Сомневаюсь, что бывшая жена Афанасьевича так страдала от того, что он не знает, насколько ей в жизни повезло.
— Да вот… дочку она родила, — говорить о том Афанасьевичу было неприятно. — Тут дело такое ведь… у ней искра дара имелась. Она-то, как я потом понял, и со мною сошлась, чтоб, стало быть, силы прибавить.
Нам молча поднесли выскобленную добела доску с горой домашнего хвороста. Тонкого, слюдяно-прозрачного и крохкого до неимоверности.
— Она-то и раньше к бабке моей съездить все подбивала, когда поженились. Мол, с семьей познакомиться… а какая у меня семья? Только вот Наина и была. Я грешным делом подумал, что да, надобно. Правильно это. Аккурат после свадьбы и повез. Да бабка её на порог не пустила. И сказала чего-то такого, что… в общем, там Роза и поняла, что от бабки моей помощи не будет. Потом я еще вот со своими амбициями, которых нет… ну неможно ведьме ли, ведьмаку ли против природы идти! Не будет с того ни радости, ни пользы, ни вовсе чего толкового!

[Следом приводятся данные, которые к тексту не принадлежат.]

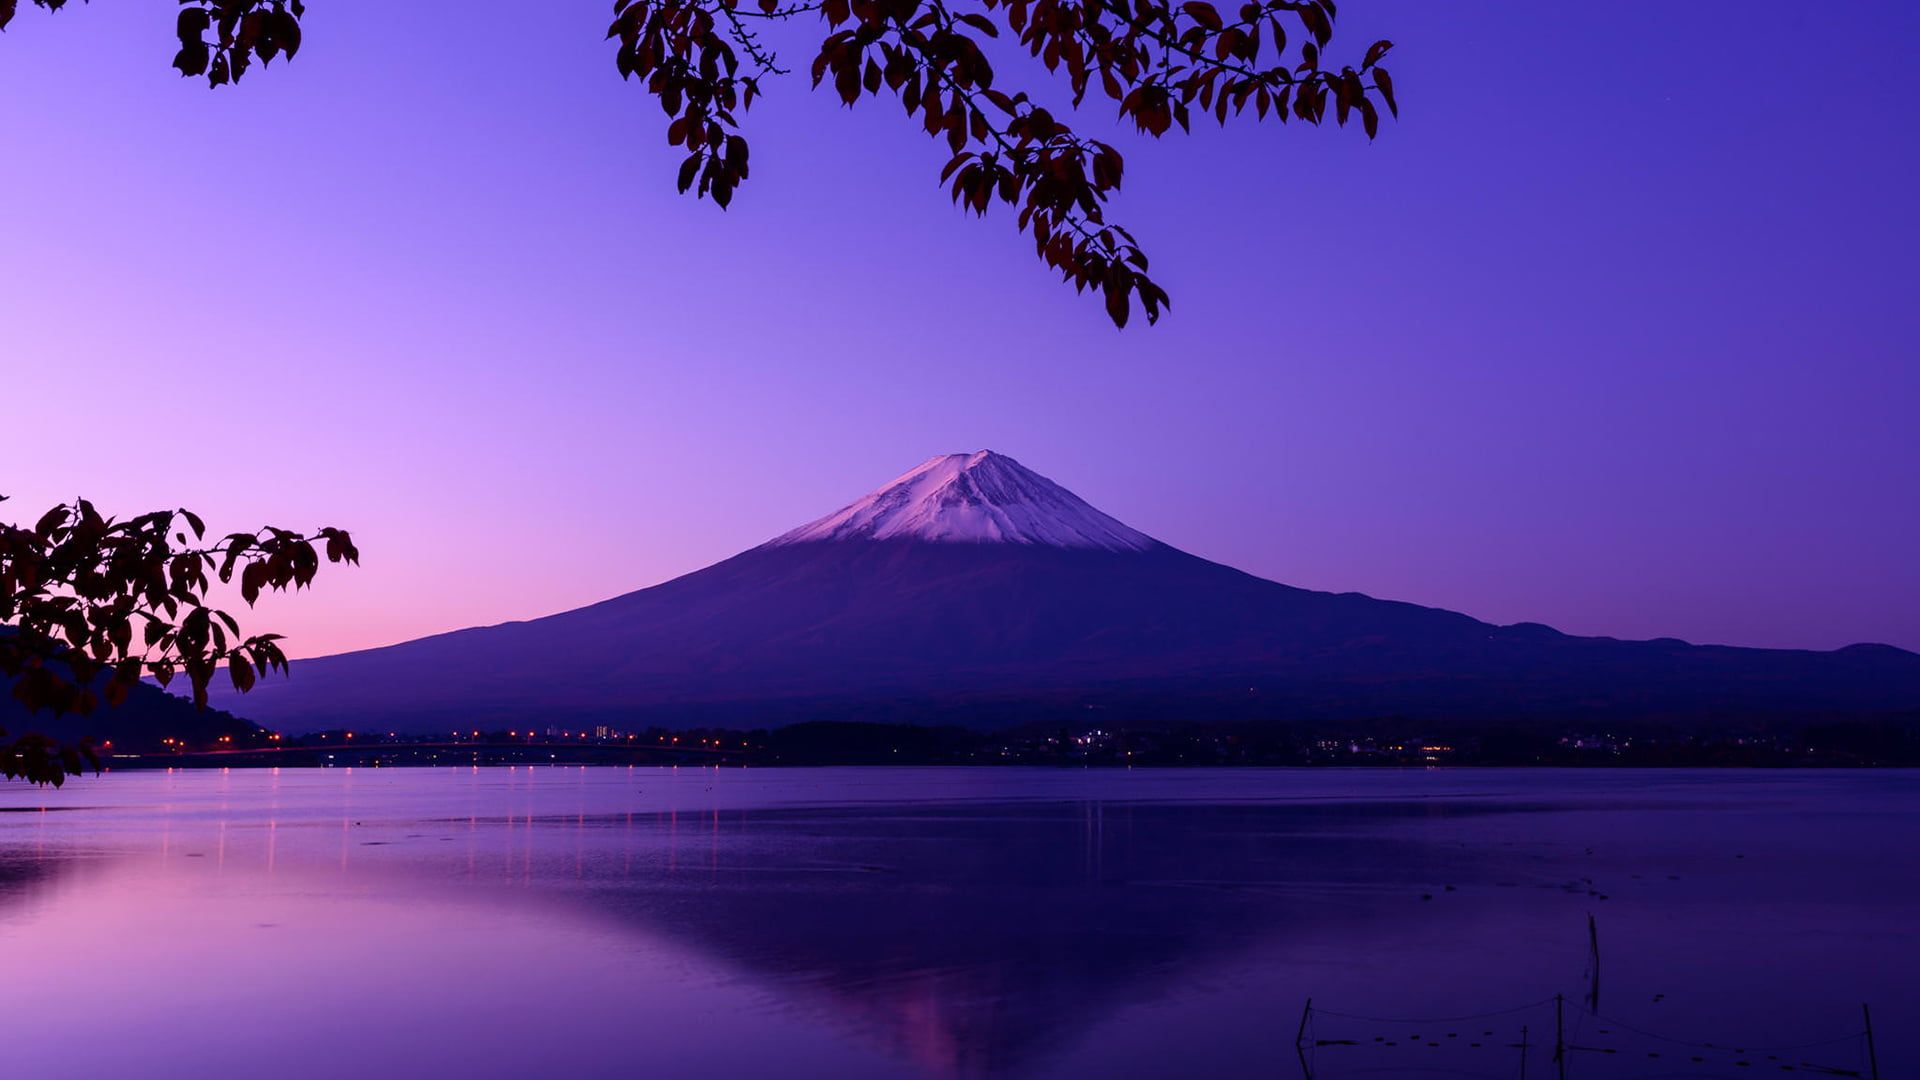 Mount Fuji, Japan Mount Fuji #Japan #landscape calm waters #violet #lake clear sky P #wallpaper #hdwallpaper #desk. Japan landscape, Mount fuji, Wallpaper pc

— Да я верю, — я осторожно вытащила длинную хворостину. — Держите. Он вкусный.
— А то… Шахрам умеет готовить. Серьезная женщина.
Даже спрашивать не стану, откуда он эту серьезную женщину знает.
— Стало быть, со мною у нее тоже ничего не получилось… а тут этот… почти генерал. Вот… и дочку родила. Надеялась, что в ней-то сила полным цветом расцветет. И ведьма, которая в том помогала, заверяла, что так и будет. Розалия ж ей заплатила, и чтоб на заповедную поляну привела, и чтоб слово молвила, и за амулеты всякие…
— Не помогло?
— Нет, — Афанасьев покачал головой. — Обычною дочка родилась.
Ага.
И что это значит?
— Точней даже не так. Сила в ней была, но закрытая. Крепко-накрепко.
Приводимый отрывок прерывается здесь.